(Description of the task):
Your answer must be the data repeated exactly, with no pictures in it.

(Data block):

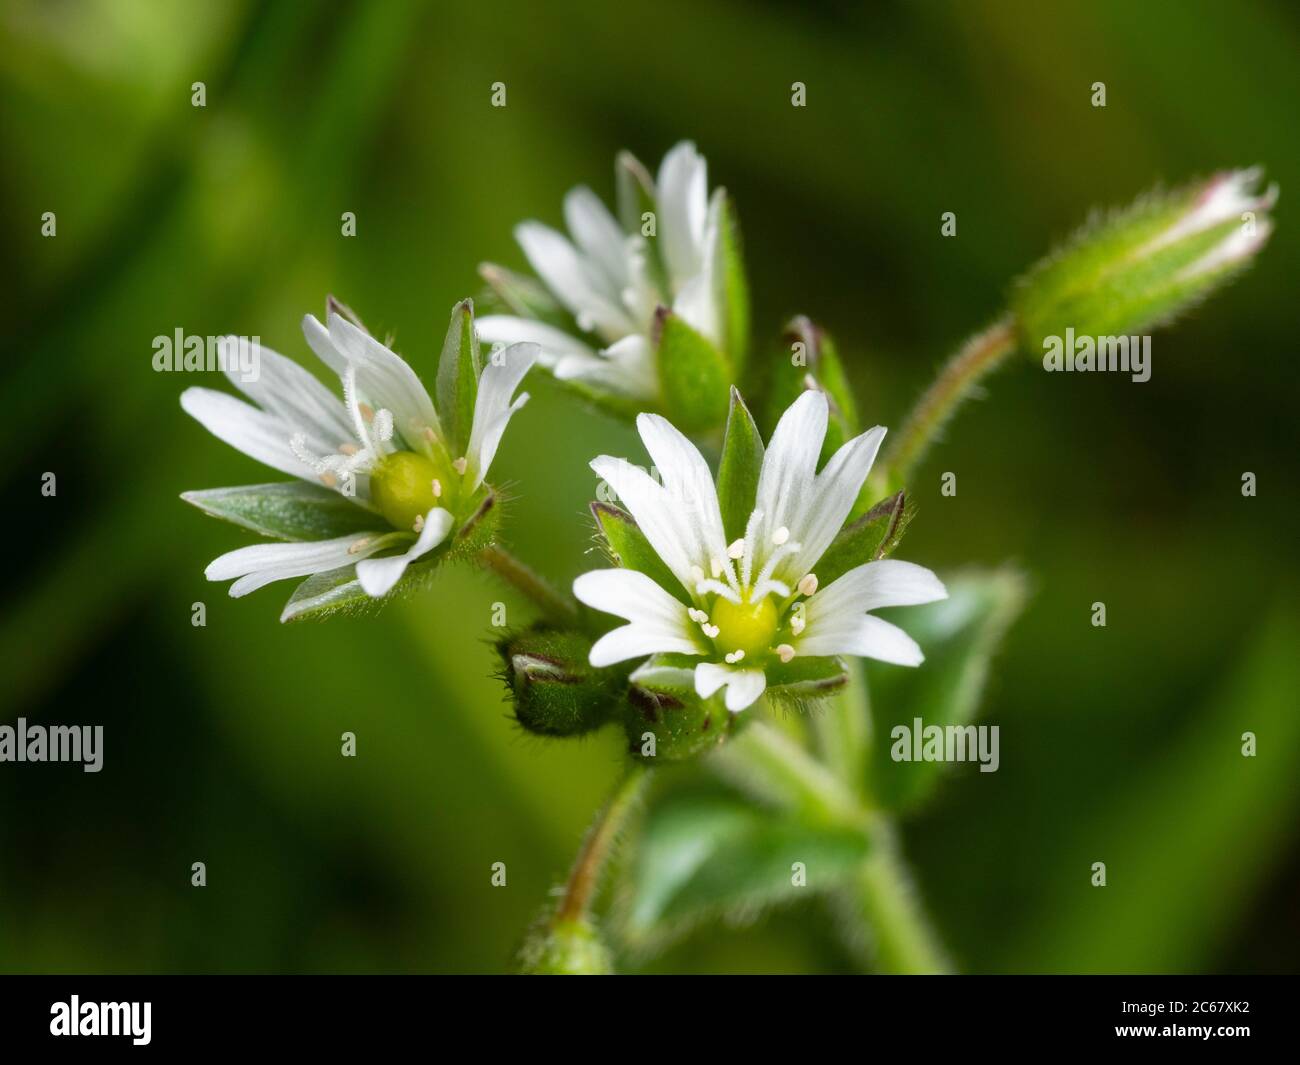 Grey-white flowers of the summer blooming UK wildflower and garden weed, Cerastium fontanum, common mouse-ear Stock Photo
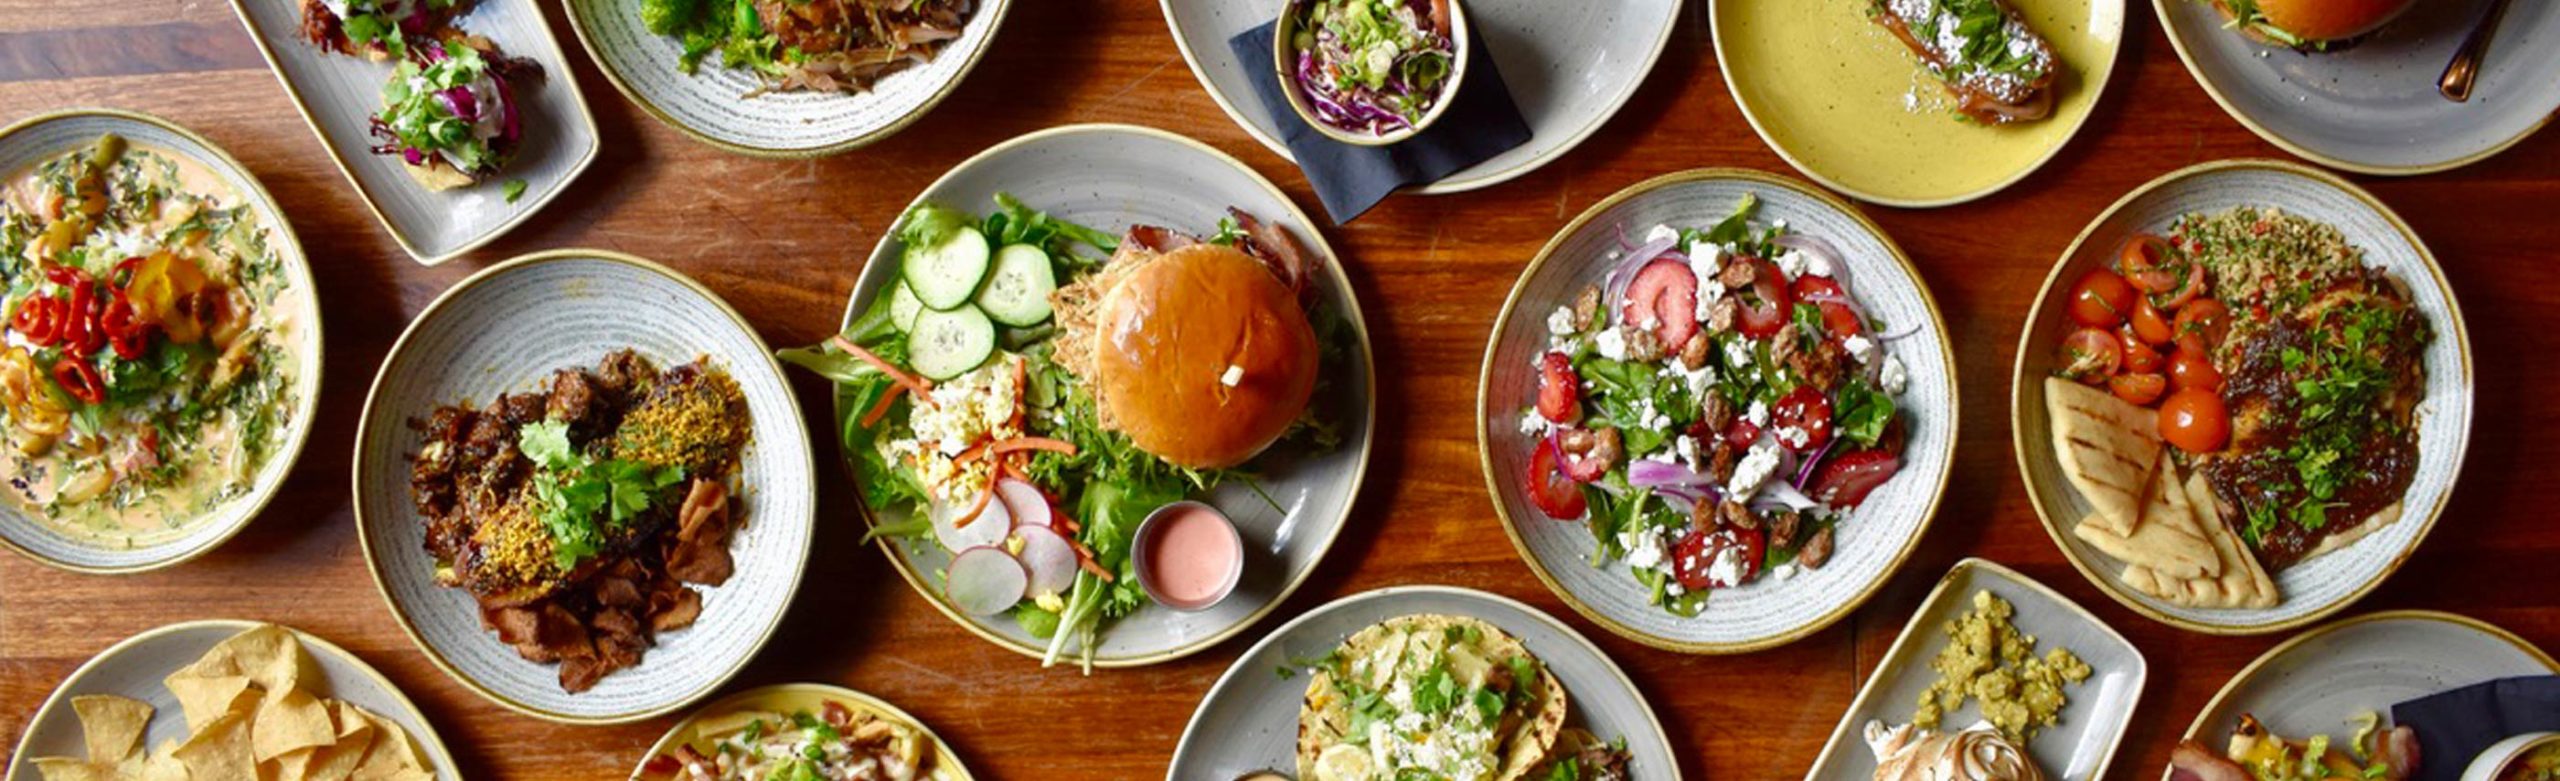 Top Hat Launches Globally Inspired Summer Menu Image
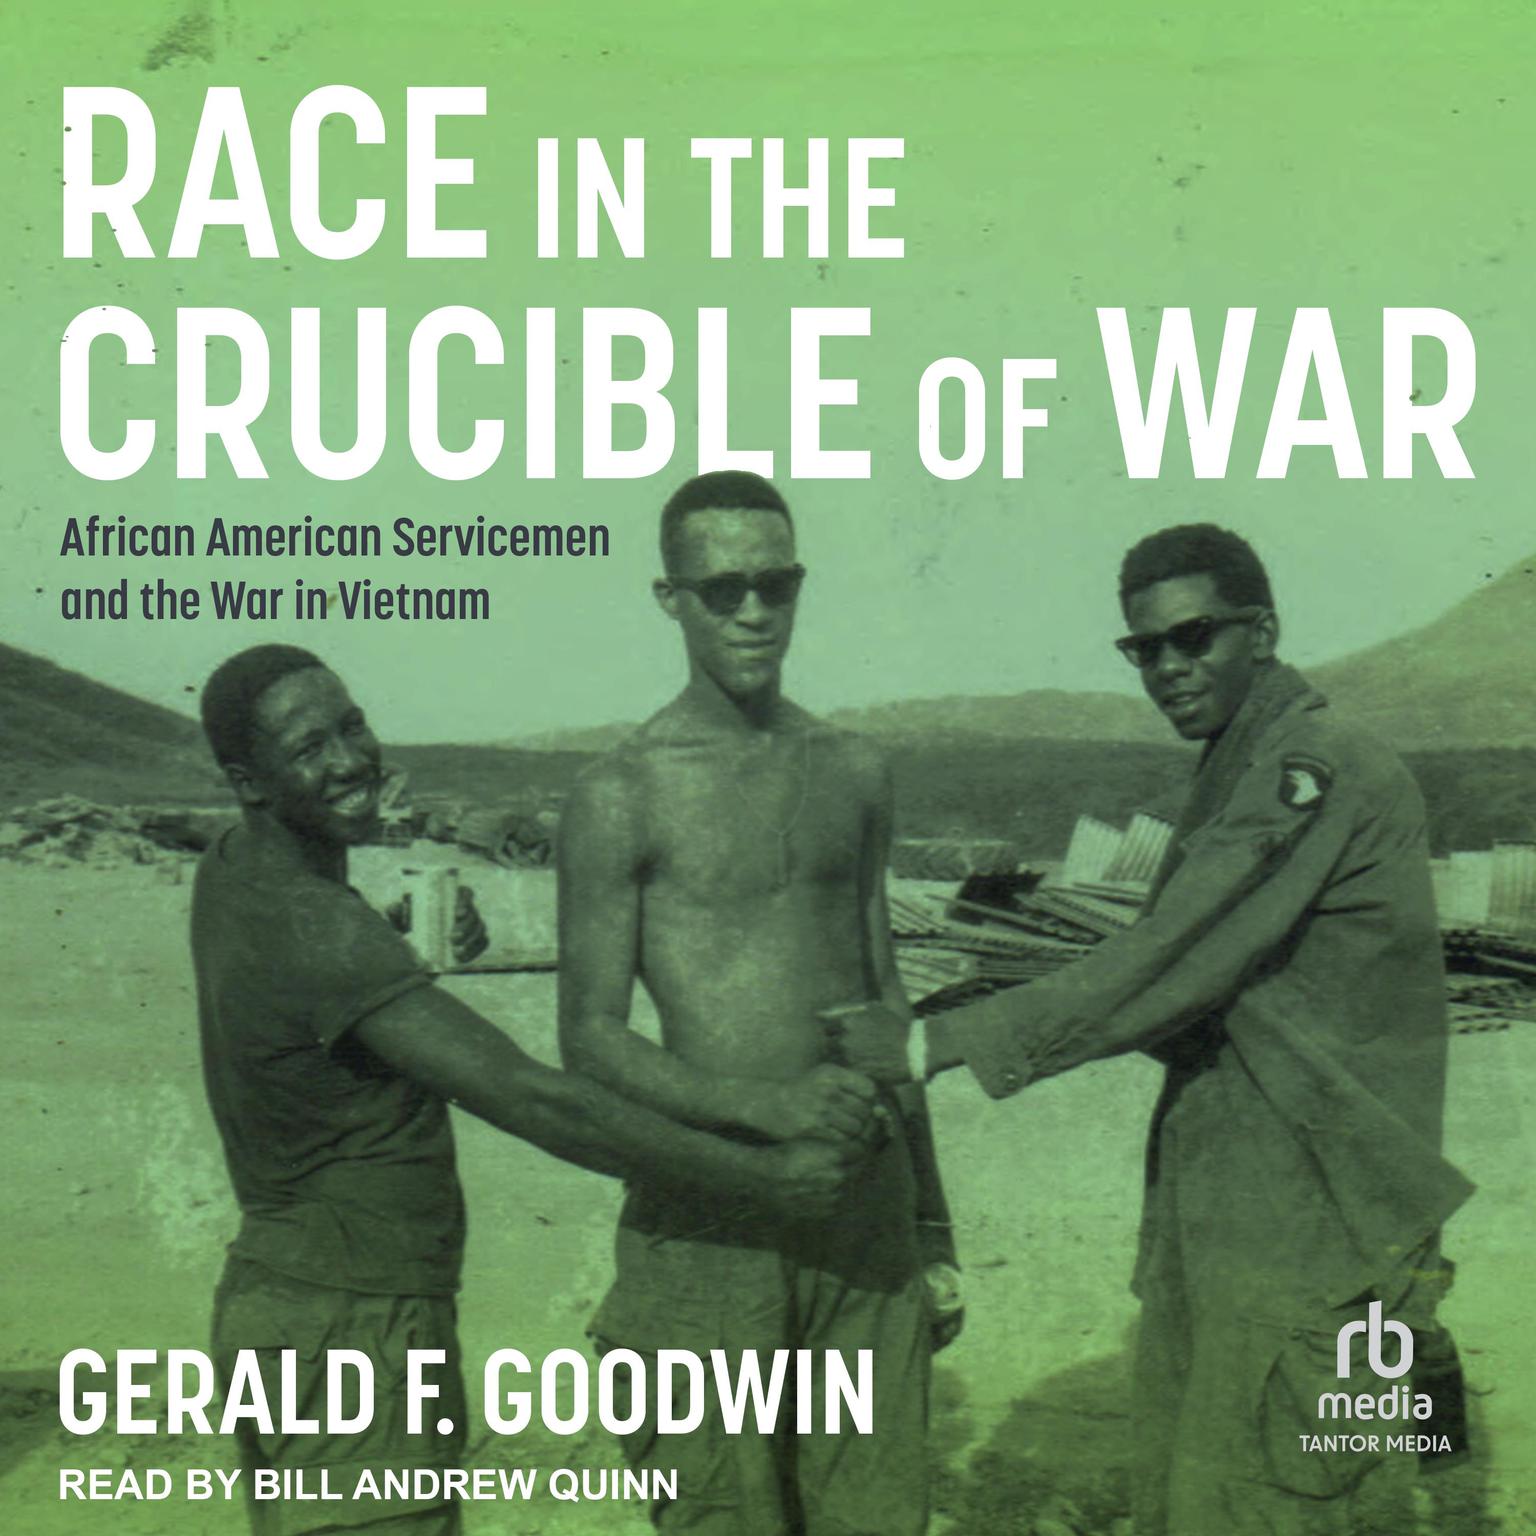 Race in the Crucible of War: African American Servicemen and the War in Vietnam Audiobook, by Gerald F. Goodwin

(Problem solution):
 Grey-white flowers of the summer blooming UK wildflower and garden weed, Cerastium fontanum, common mouse-ear Stock Photo
 Top Hat Launches Globally Inspired Summer Menu Image
 Race in the Crucible of War: African American Servicemen and the War in Vietnam Audiobook, by Gerald F. Goodwin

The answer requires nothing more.